Further scandals since then have tarnished its reputation and led to the departure of senior management.
Analyst Iain Armstrong thinks the company is set for better times next year thanks to new management and a new approach, led by a forensic examination of all contract performance, an increased focus on organic revenue growth and sustainable free cash-flow.
Hammerson
Bargain-hunters should look at property developer Hammerson, which owns a number of shopping malls in its portfolio, according to analyst Stephen Williams.
It has been a tough year for the company as the retail sector has struggled, but Williams says this is set to change.
Performance of stock vs index in 2013

Source: FE Analytics
“Shares can be bought on a 12 per cent discount to forecast net asset value and offer a dividend yield of 3.8 per cent,” he said. “This looks a bargain in a January sale.”
“Shopping is moving forward as the malls aim to become venues for a whole family day out, with eating, entertainment and free parking some of the additional attractions now being offered.
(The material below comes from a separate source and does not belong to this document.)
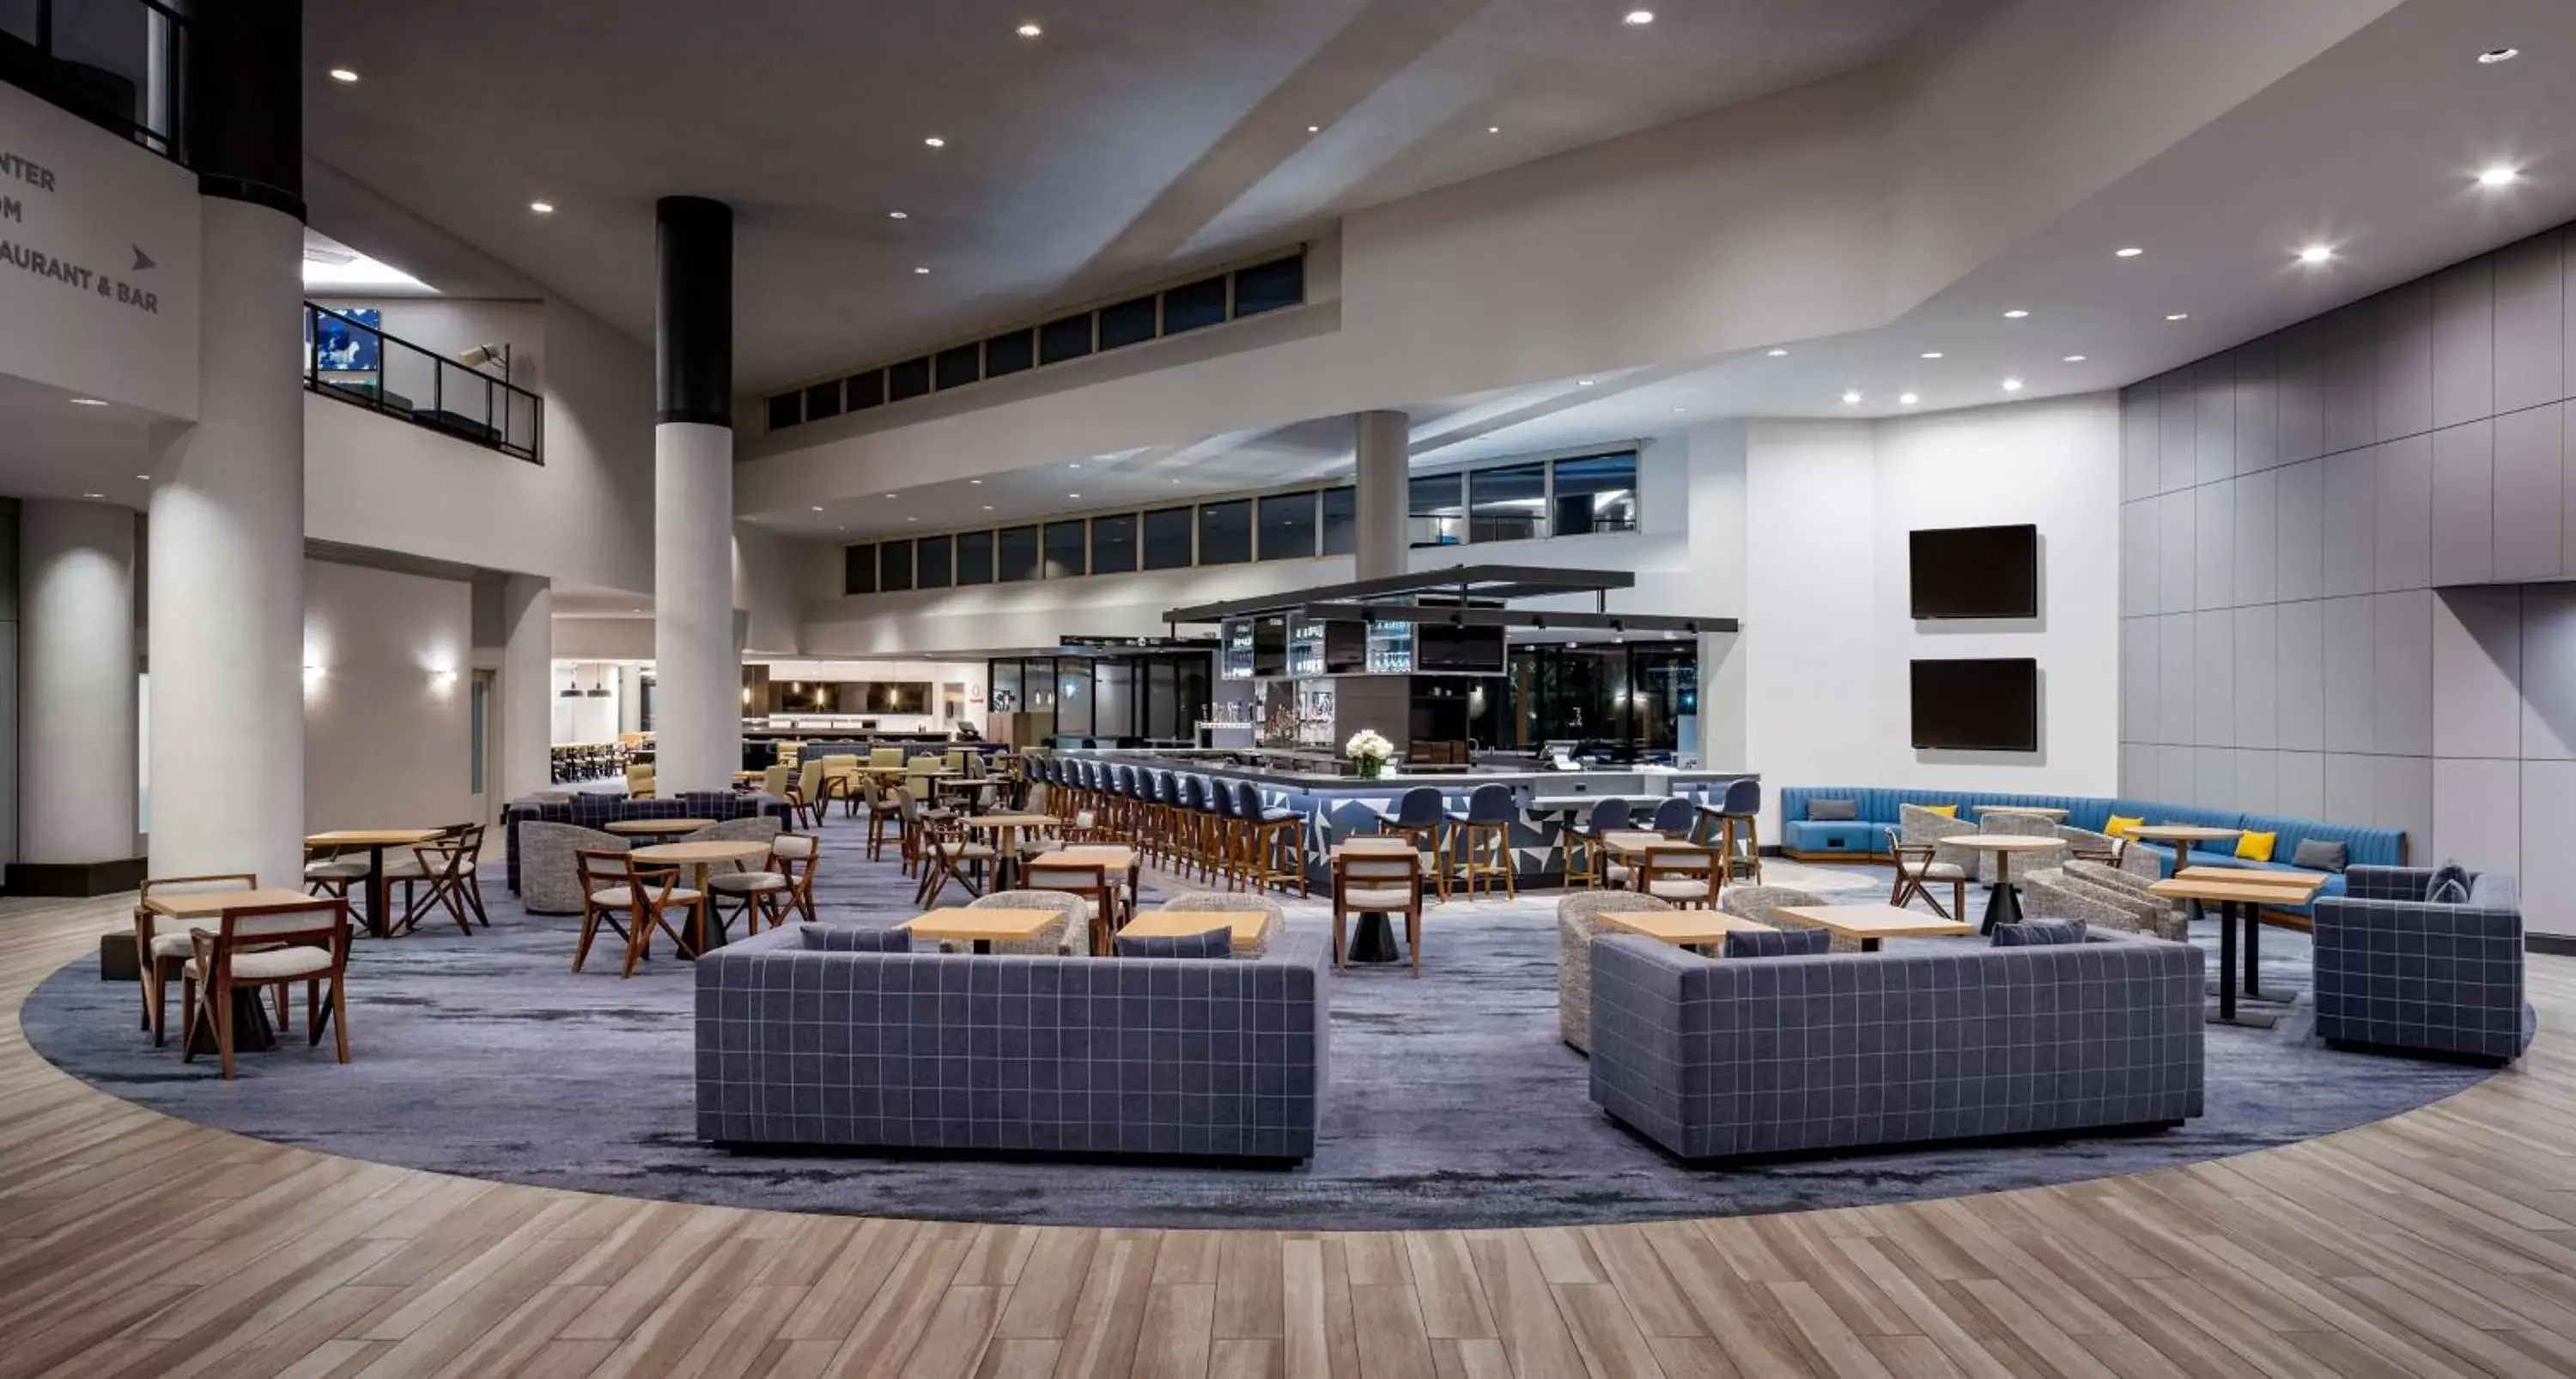 Lobby or reception, Restaurant/Places to Eat in Hyatt Regency Santa Clara

Thus, we believe that retail is not dead.”
“After all, retail rental values are now beginning to increase after 25 months of falling.”
“Hammerson has some significant developments in hand at Croydon, Leeds and Brent Cross, all of which are due to start in 2014.”
“Add in its interest in the hugely successful European Retail Villages (which include the Bicester designer outlet) and new large shopping malls in Paris and Marseilles in France, and the story gets rather interesting.”
BG Group
Armstrong also picks energy company BG Group, which he says is due to return to positive free cash-flow in 2015 due to more than tripling production in Brazil and the completion of the Queensland coal-to-LNG project.
Drax
Another energy-related stock that Brewin Dolphin likes is Drax, which owns the largest coal-fired power station in Europe, but is shifting into more environmentally friendly fuels.
“As Drax shifts from coal to biomass, it will benefit from rising power prices and the Government’s renewable subsidies; we expect double-digit earnings and dividend growth in 2014,” said Elaine Coverley, head of equity research.
“Ironically, Drax was one the UK’s largest carbon emitters but after refitting its generators will become one of the UK’s largest renewable generators.”